Sibbald W J
Sunnybrook and Women's College Health Sciences Centre, Toronto, Ontario, Canada.
Crit Care. 2000;4 Suppl 2(Suppl 2):S8-S15. doi: 10.1186/cc970. Epub 2000 Oct 13.
Recent meta-analyses have created uncertainties regarding the appropriate clinical role of colloid resuscitation fluids in critically ill patients and prompted changes in fluid management practice. Such changes may not be justified in view of methodological limitations inherent in the meta-analyses. Further research is nevertheless needed to resolve the questions raised concerning the relationship between choice of resuscitation fluid and patient outcome. Animal studies can play an important part by reliably indicating whether particular fluids are likely to prove effective and safe in clinical trials. It is important to avoid costly large-scale clinical trials that fail to demonstrate the clinical utility of the tested therapy, as resources expended in failed trials raise overall development costs and thereby restrict the range of therapies meeting criteria of commercial feasibility. Promising therapies may thus not be pursued, even though an urgent clinical need may exist. An alternative pathway of preclinical research may be of value in avoiding some of the major clinical trial failures of recent years, particularly in the area of sepsis. This alternative pathway commences with the formulation of hypotheses by therapeutics developers. Independent preclinical investigators are challenged, by means of a competitive request for proposals, to test the hypotheses in rigorous randomized studies employing clinically relevant animal models. Promising proposals would then be selected for further development with the aid of peer review. The results of the randomized animal studies, along with other preclinical data, could also be evaluated using accepted principles of 'critical appraisal' commonly applied to clinical trial results. This critical appraisal might, where appropriate, include meta-analysis of animal study findings. This alternative preclinical pathway to new product evaluation should be completed before the commencement of large-scale clinical trials.

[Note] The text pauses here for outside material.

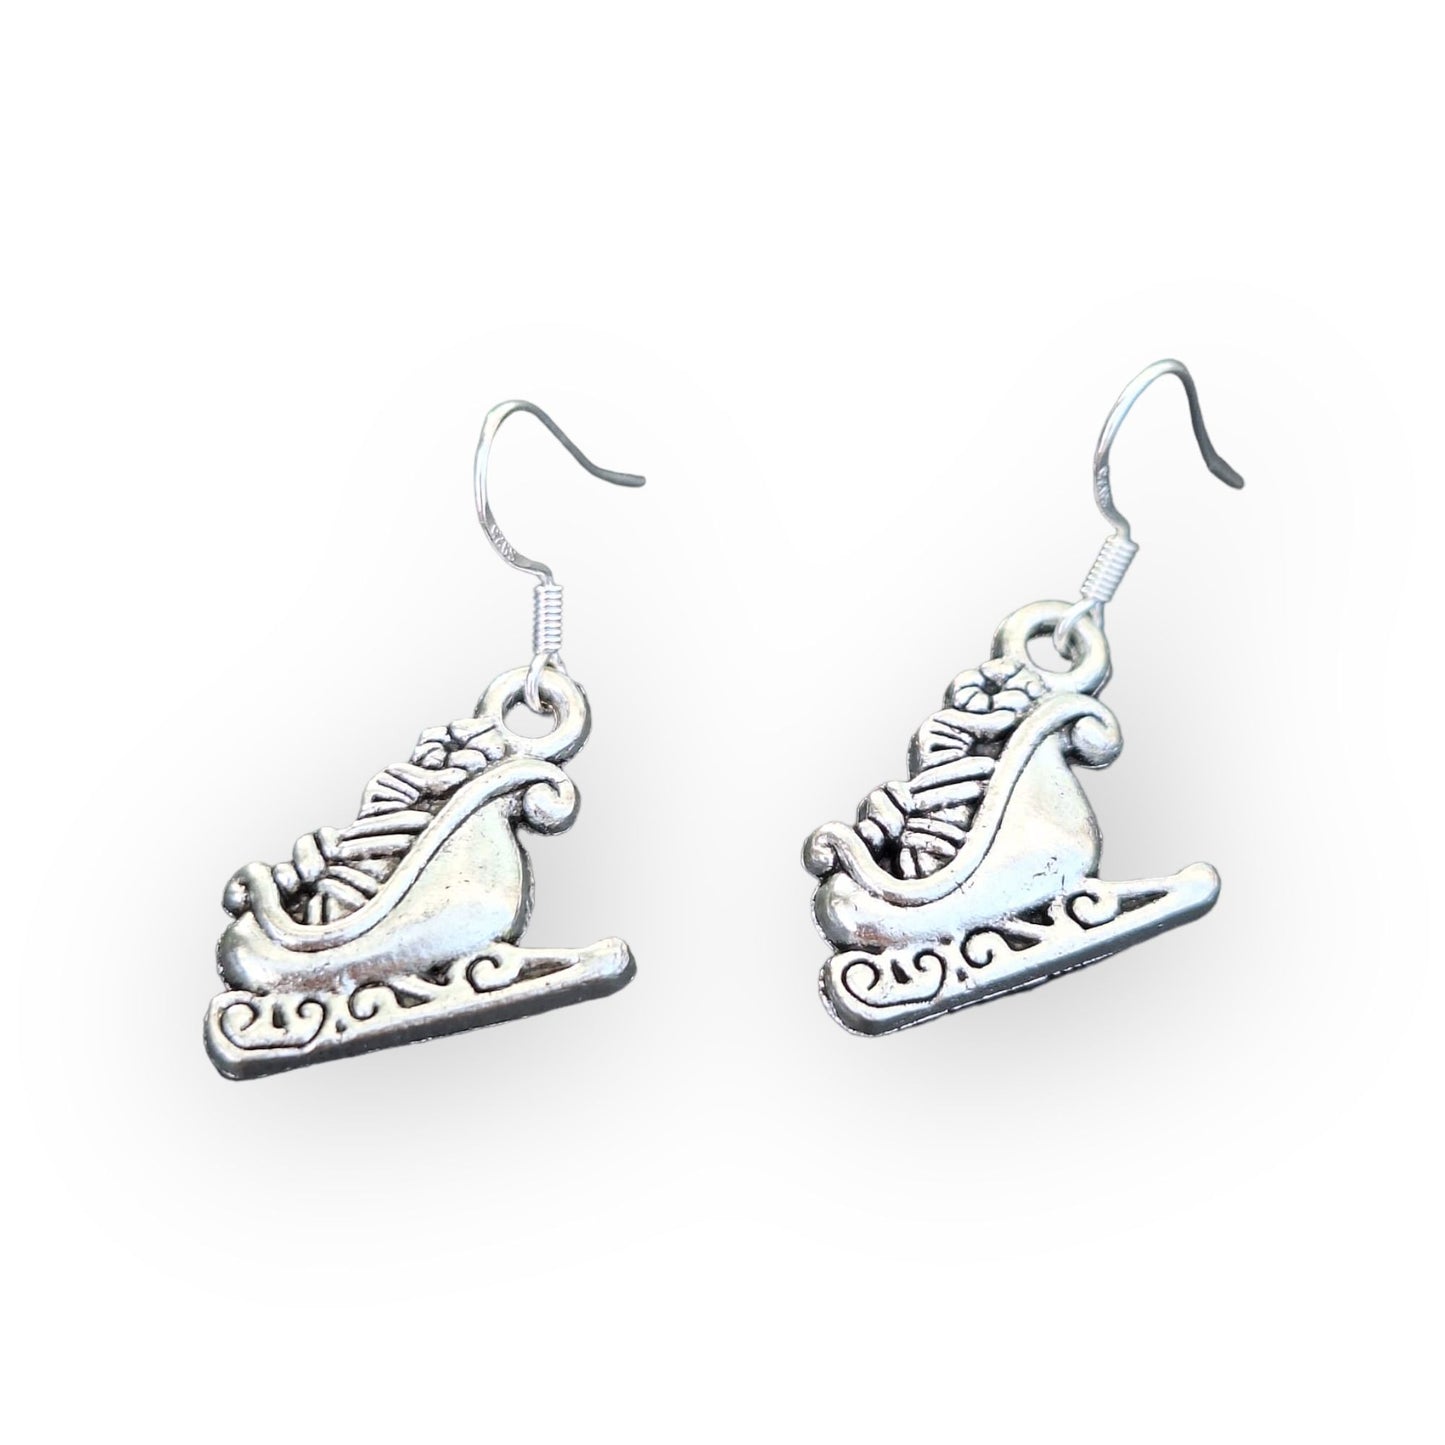 Antique Silver Sleigh Dangly Charm Earrings In Gift Bag, Winter, Christmas, Gifts For Her - Premium  from Etsy - Just £4.99! Shop now at Uniquely Holt

近期的荟萃分析引发了关于胶体复苏液在重症患者中适当临床作用的不确定性,并促使液体管理实践发生了变化。鉴于荟萃分析中固有的方法学局限性,此类变化可能并无充分依据。然而,仍需要进一步研究来解决有关复苏液选择与患者预后之间关系所引发的问题。动物研究可以发挥重要作用,可靠地表明特定液体在临床试验中是否可能被证明有效且安全。重要的是要避免进行无法证明所测试疗法临床效用的昂贵大规模临床试验,因为在失败试验中投入的资源会提高总体研发成本,从而限制符合商业可行性标准的疗法范围。因此,即使可能存在紧迫的临床需求,有前景的疗法也可能不会被采用。一种替代的临床前研究途径可能有助于避免近年来一些主要的临床试验失败,尤其是在脓毒症领域。这种替代途径始于治疗方法开发者提出假设。独立的临床前研究人员会通过竞争性的提案征集活动受到挑战,要求他们在采用临床相关动物模型的严格随机研究中检验这些假设。然后,有前景的提案将在同行评审的帮助下被选中进行进一步开发。随机动物研究的结果以及其他临床前数据,也可以使用通常应用于临床试验结果的公认“批判性评价”原则进行评估。这种批判性评价在适当情况下可能包括对动物研究结果的荟萃分析。这种新产品评估的替代临床前途径应在大规模临床试验开始之前完成。